December 12, 2014
Article by Global Pre-Meds
Hospital doctor shadowing & global health experience programs.
Once you graduate from nursing school, you have some decisions to make. One of the biggest decisions is what type of facility to seek employment. Depending on what part of the country you live in, you may just look for job openings and not care whether they are in a hospital or an alternative setting. But if you have the option, you may want to consider what type of environment you want to start your nursing career in.
When you think of working as a nurse, the first thing that probably comes to mind is working in an acute care hospital. In fact, most nurses work in acute care hospitals at some point in their career.
Working in acute care is a great place to start your nursing career. There are different departments, such as the surgical floor, pediatrics, emergency room and intensive care unit. Depending on the size of the hospital, there may be opportunities for additional training, which enable you to move into certain specialties of nursing. In addition, nurses who work in an acute care setting may have the opportunity to work with many types of patients and a wide variety of healthcare professionals.
Nursing homes provide care for patients who have medical needs, but do not need to be in the hospital. Elderly patients and those who have disabling, chronic medical conditions may be residents of a nursing home. Additionally, some nursing homes are specially designated for patients with conditions, such as Alzheimer’s disease.
Although working in a nursing home may not be as exciting as working in a hospital, it can still be a good choice for new nurses. For example, registered nurses working in a nursing home often take on the role of charge nurse, supervising practical nurses and nursing assistants. Moving into a supervisory role may be great experience for a new nurse.
In addition, caring for patients in a nursing home is often slower paced than in a hospital. The slower pace allows new nurses the chance to develop their skills and gain experience without feeling overwhelmed.

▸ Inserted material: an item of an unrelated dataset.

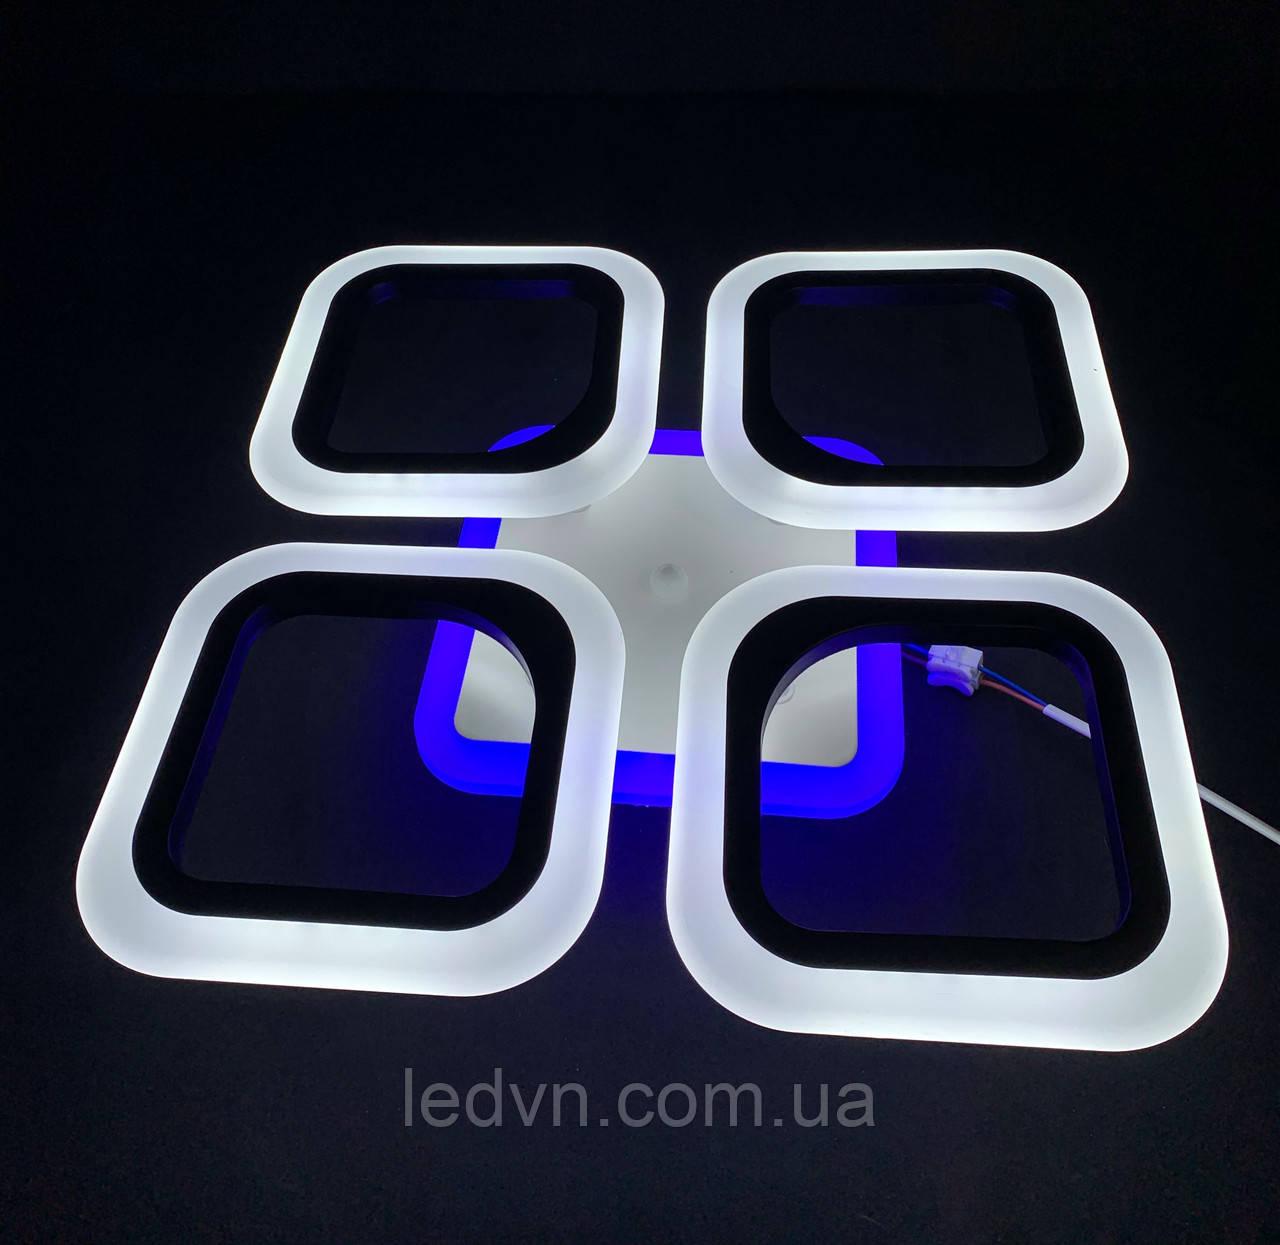 Светодиодная  люстра на 4 квадрата черная 55 ватт
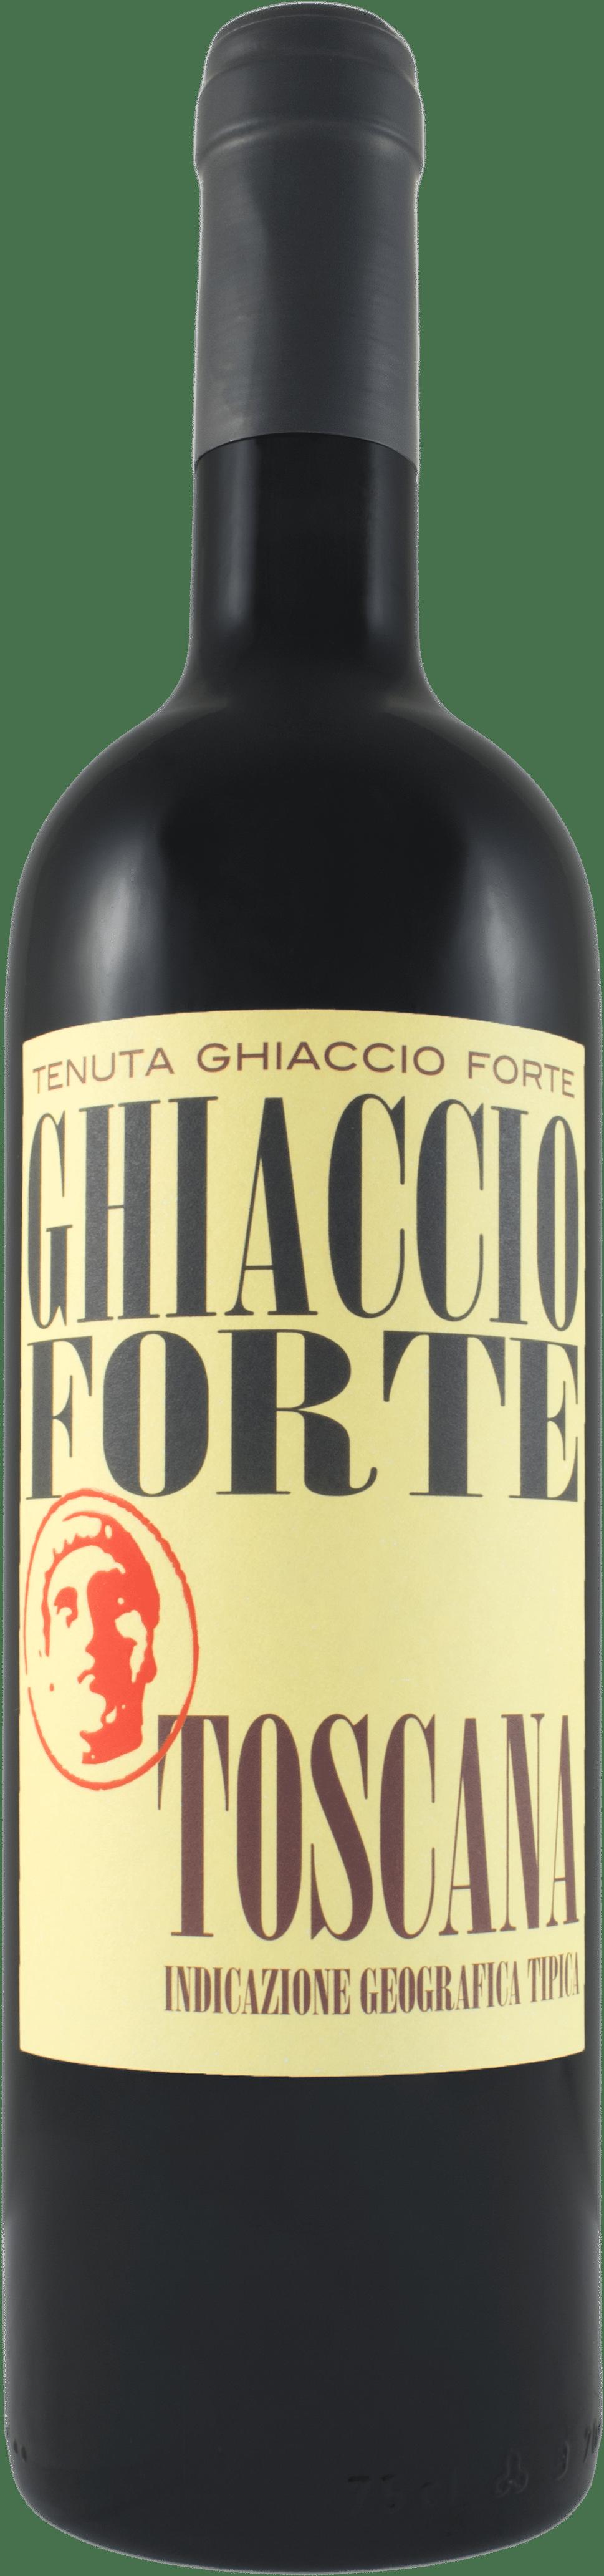 2016 Ghiaccio Forte Toscana

New nurses may not be familiar with sub-acute facilities. Some patients may not require care in an acute care hospital, but they are still not ready to be discharged home. Sub-acute facilities provide care and rehabilitation as a patient continues to recover from an injury or disease. For instance, a patient in a sub-acute facility may still require breathing assistance from a ventilator or have a feeding tube.
You will not see the same variety of patients you would in an acute care hospital, but there can be benefits to working in this type of facility. Nurses in sub-acute facilities have the chance to gain expertise in caring for similar types of patients and performing specific procedures.
Regardless of which type of healthcare setting you choose, there are pros and cons to each. But whichever you choose, you will gain valuable experience. As you grow in your profession, you can decide what type of setting fits you best.